Confusing? Yes. Geeky? As all hell. But also absolutely fascinating? Definitely.

Much of these conventions are a holdover from what Zahn established about the Ascendancy in his pre-Disney Star Wars work. The current canon has re-acquired so much of what came before it in the past few years, and the author has definitely played a large part in that with his return to his most famous character, making the transition for fans much smoother. For newcomers who met Thrawn through Rebels, there’s this whole weird new culture to explore, all these hierarchies and class systems. For fans who’ve loved Thrawn since Heir to the Empire, it’s like returning to an old friend and approximately three billion contractions (suffice to say: you’ll get used to it). But even then, it’s still so cool to dive into all these ways the Chiss’ preponderance for family and social status is so deeply imbued into the Ascendancy’s culture that it forms the very definition of a being’s name. It makes it all the more interesting to see how individual Chiss choose to bend and shape those conventions to find ways to define themselves outside of it.

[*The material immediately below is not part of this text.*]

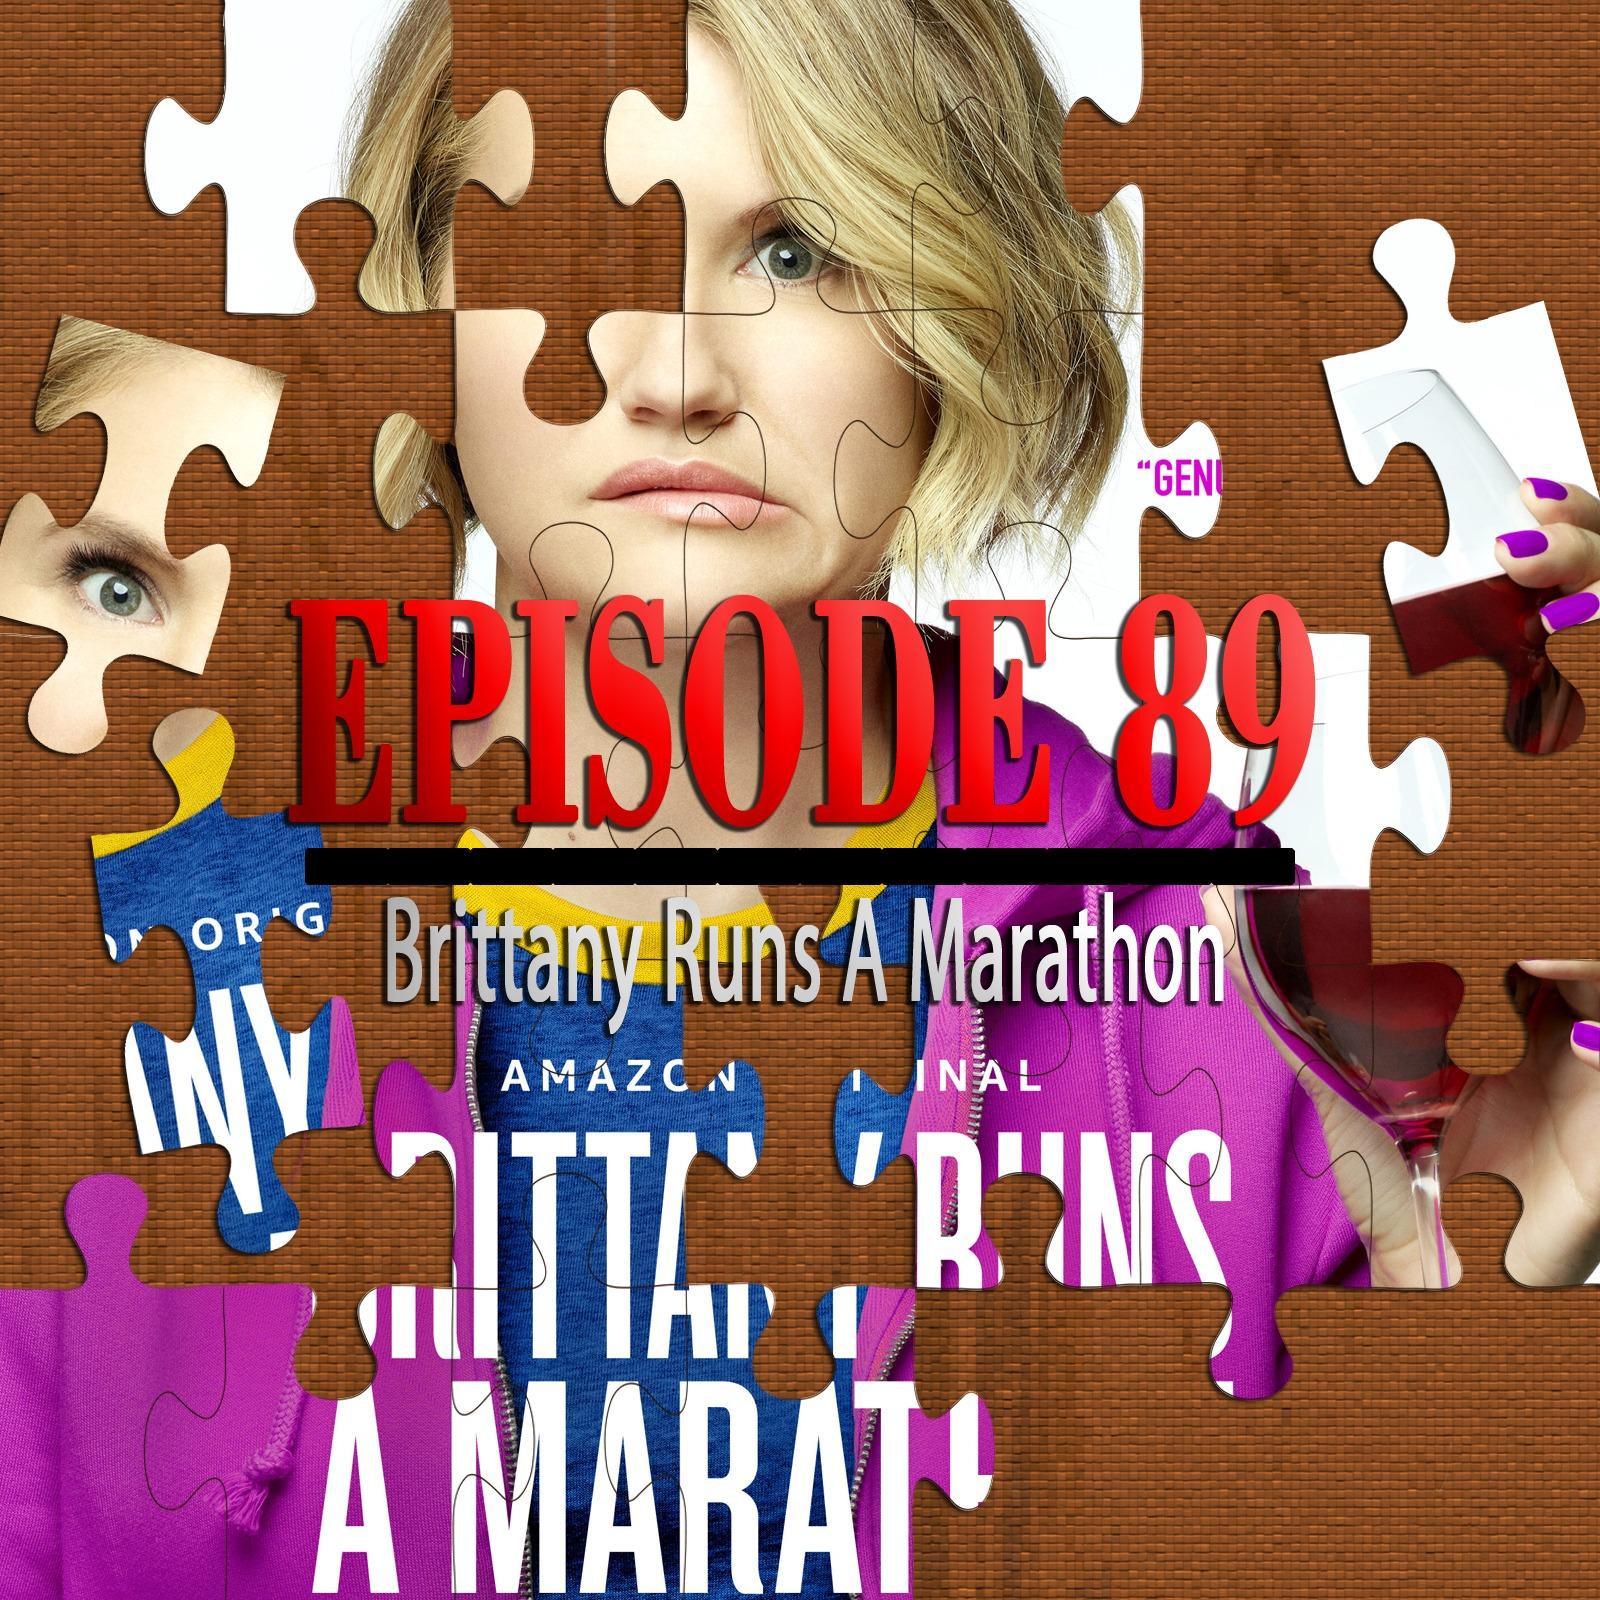 Brittany Runs A Marathon (Featuring Catherine Gonzales)

The Chiss aren’t the only Star Wars aliens we have this sort of geeky detailing for, of course. Karen Traviss’ Republic Commando series did so much for fleshing out Mando’a, the language of the Mandalorians, for example, that we still see echoes of it in Star Wars fiction today. Thanks to the wonderful world of the Star Wars roleplaying games, we have information about naming cultures and conventions for more background alien species than you could shake a lekku at. (Speaking of: did you know in the old EU, Twi’leks had a true name that blends their personal and clan names into a single word with its own meaning in Ryl, and one they use for non-Twi’leks that separates their two names into a different meaning? Cool!)

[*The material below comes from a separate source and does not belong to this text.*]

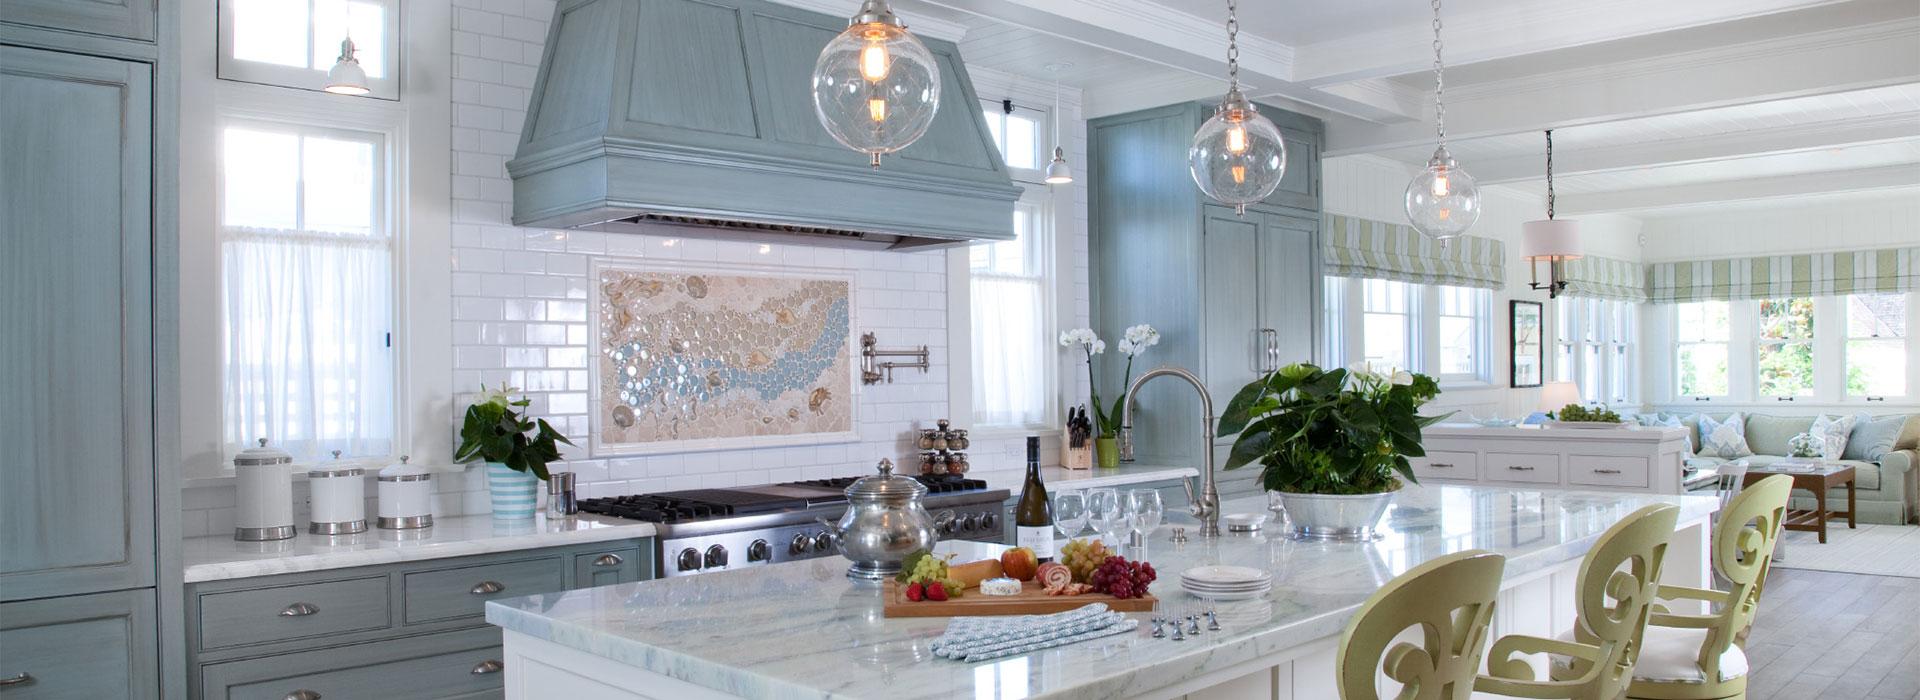 Ross Thiele & Son   San Diego Interior Design s1-1 Home

Yet Zahn’s work on the Chiss, and the way they talk with and about each other, still remains some of Star Wars’ most fascinating explorations of alien culture—it makes them feel truly alien, to both the audience and the denizens of the galaxy far, far away. Their status as this outsider race from beyond what our usual Star Wars characters know of the galaxy is matched only by how differently their culture is presented to us compared to other Star Wars beings. For better or worse, most Star Wars aliens are defined as being different mostly because they don’t look human (or if they do, they’re humanish, and one of a rainbow of skin tones).

The Chiss stand out because, while they are that on the surface—they’re the Blue Man Group of the unknown regions!—their tone and language, and the way that is presented to the beings around them, is unlike anything else we typically see in the franchise. They have this culture that is their own, for use among themselves, and have to bend to the conventions we would typically expect of a Star Wars race when outside of it. This new series of novels, taking place primarily within the Chiss Ascendancy, is our first real chance in the current canon to explore what being inside that society was really like.

To be sure, we know way, way more than we feasibly should about a lot of Star Wars races because, once again, this franchise is always some of the dorkiest stuff around thanks to its scope and breadth over the past 40-plus years. But even then, Zahn—and other writers who’ve tackled the Chiss since his game-changing creation of Thrawn all those years ago—created some of the most fascinating aspects of the old Expanded Universe. With Thrawn’s return to canon in the last few years thanks to Rebels and these new novels, we’re glad it’s continuing to be explored once more.